Gavin Niu Gavin Niu - 22 days ago 9
Scala Question

Return Temporary Spark SQL Table in Scala

First I convert a CSV file to a Spark DataFrame using

val df = sqlContext.read.format("com.databricks.spark.csv").option("header", "true").load("/usr/people.csv")


after that type df and return I can see
res30: org.apache.spark.sql.DataFrame = [name: string, age: string, gender: string, deptID: string, salary: string]


Then I use
df.registerTempTable("people")
to convert df to a Spark SQL table.

But after that when I do
people
Instead got type table, I got
<console>:33: error: not found: value people
Is it because people is a temporary table? Thanks

Answer

When you register an temp table using the registerTempTable command you used, it will be available inside your SQLContext.

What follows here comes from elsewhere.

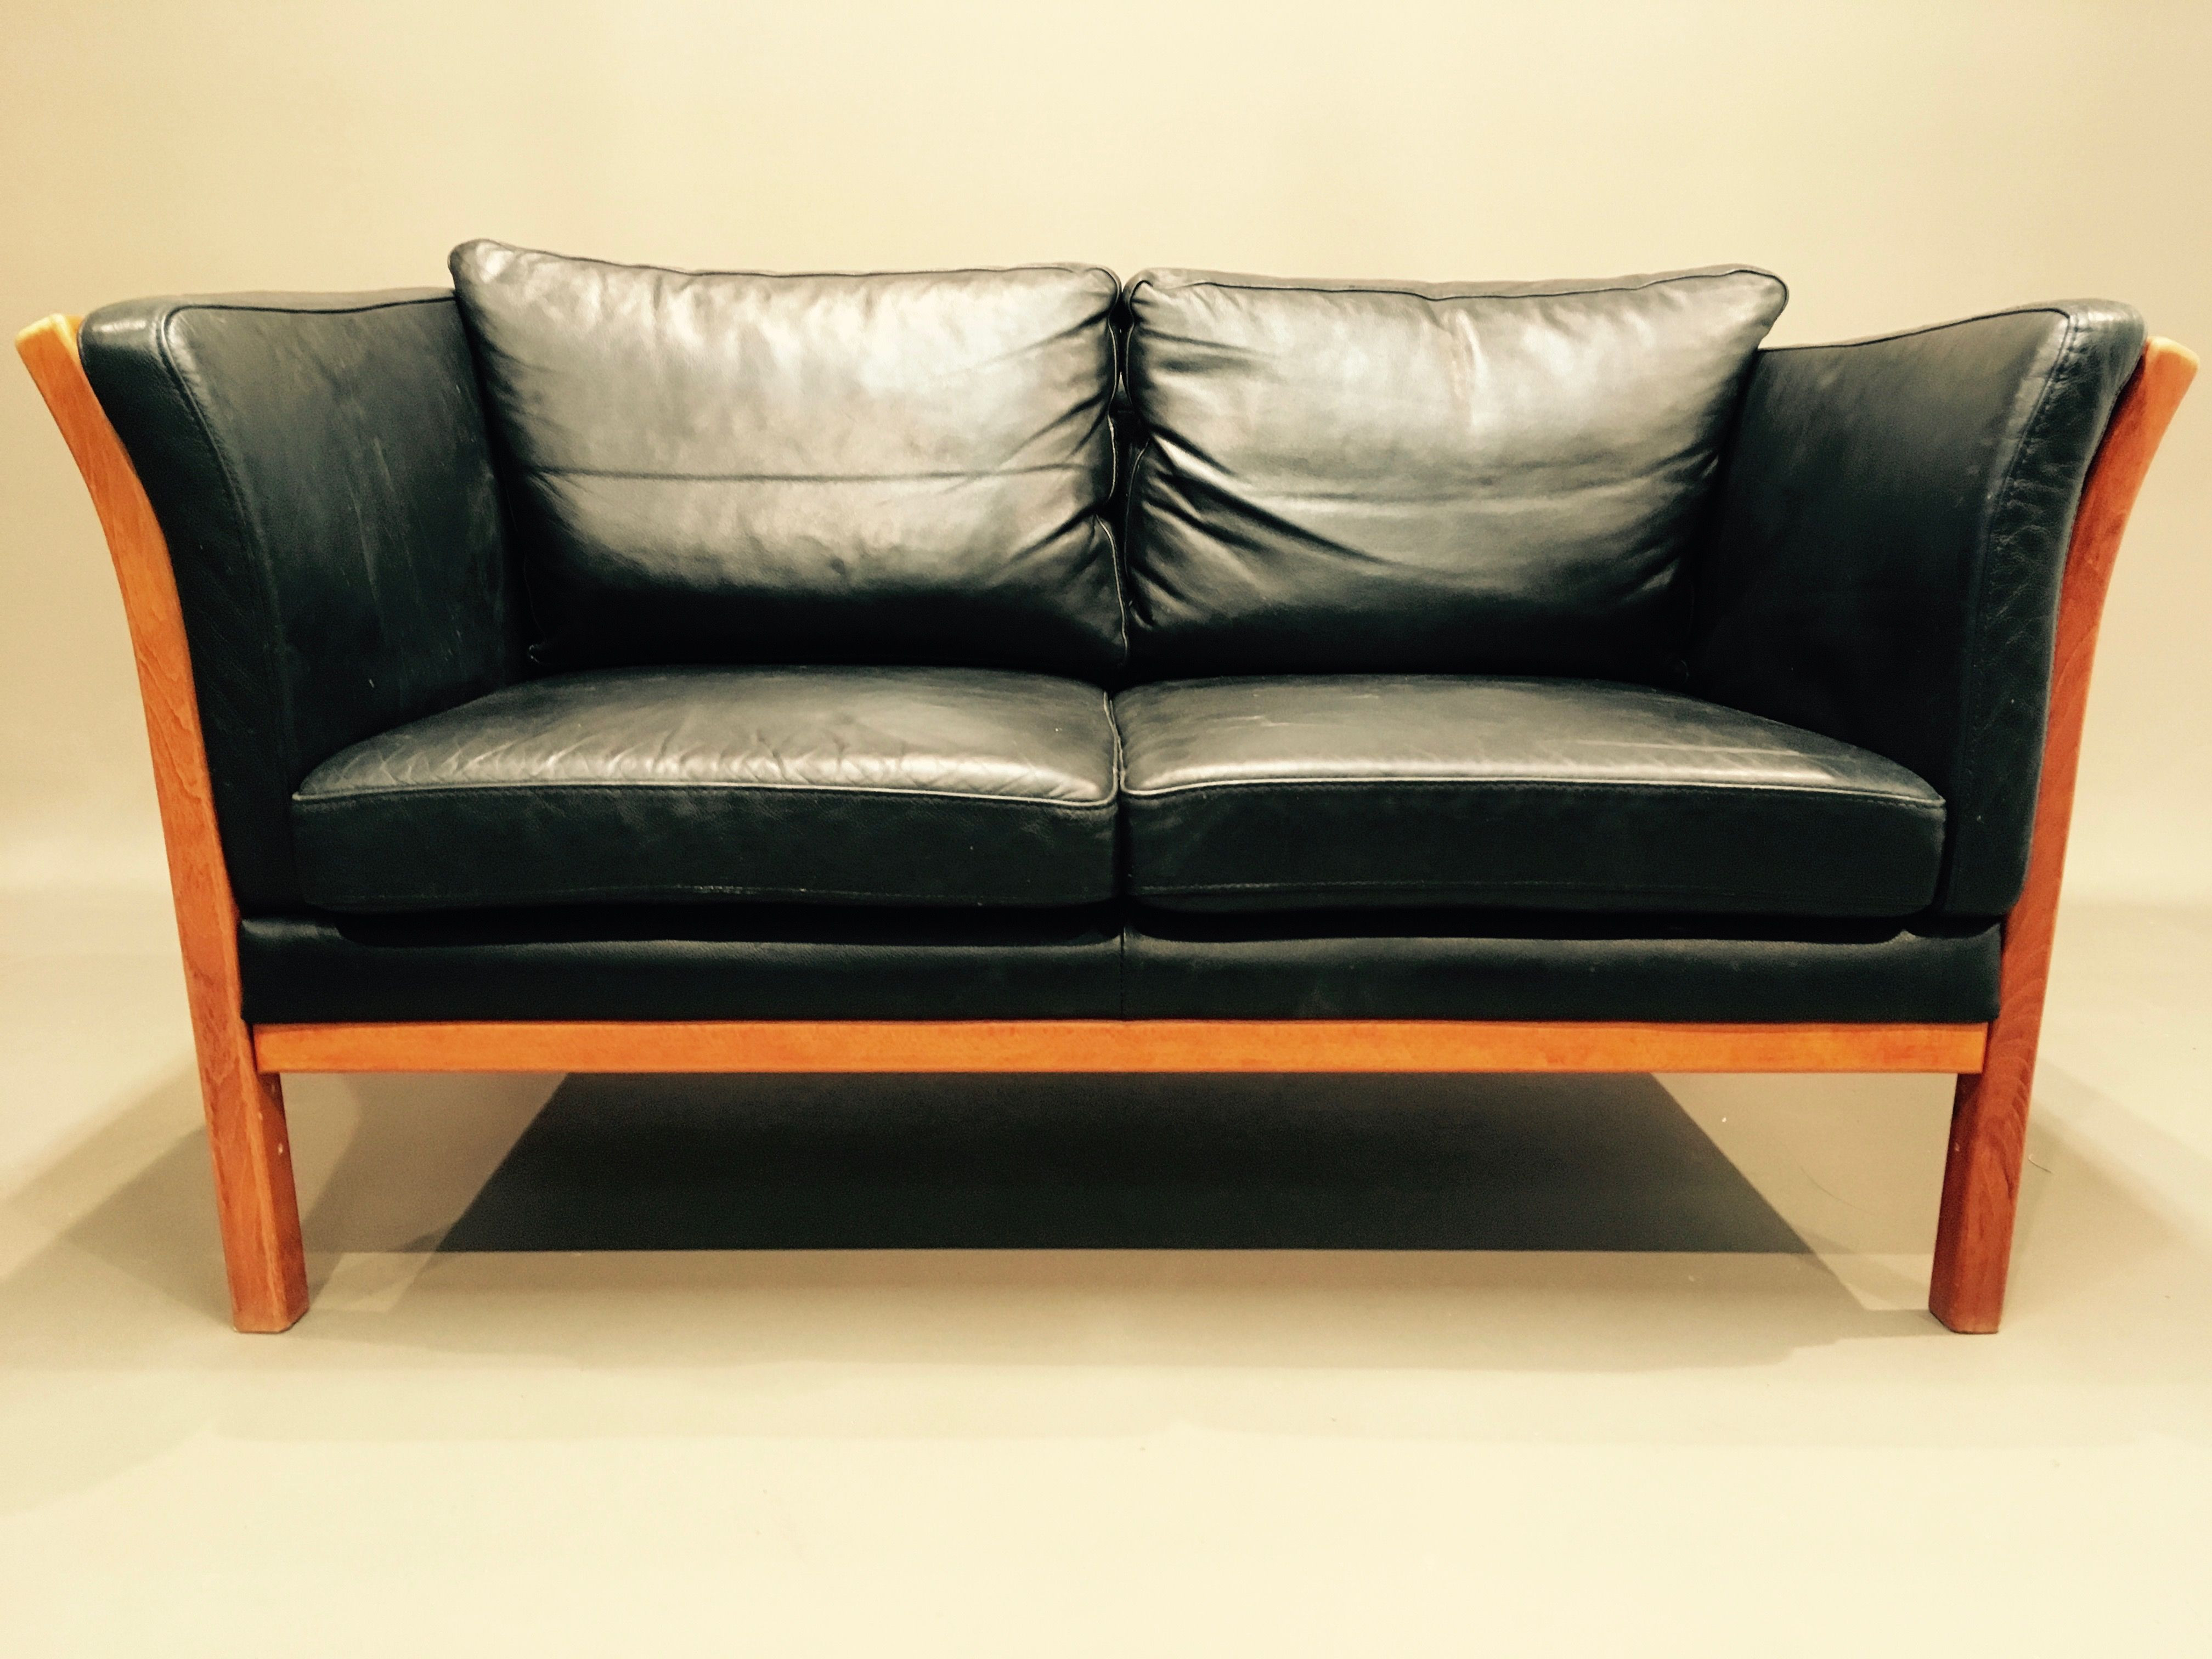 Vintage Scandinavian 2 Seater Sofa In Black Leather

This means that the following is incorrect and will give you the error you are getting :

scala> people.show
<console>:33: error: not found: value people

To use the temp table, you'll need to call it with your sqlContext. Example :

scala> sqlContext.sql("select * from people")

Note : df.registerTempTable("df") will register a temporary table with name df correspond to the DataFrame df you apply the method on.

So persisting on df wont persist the table but the DataFrame, even thought the SQLContext will be using that DataFrame.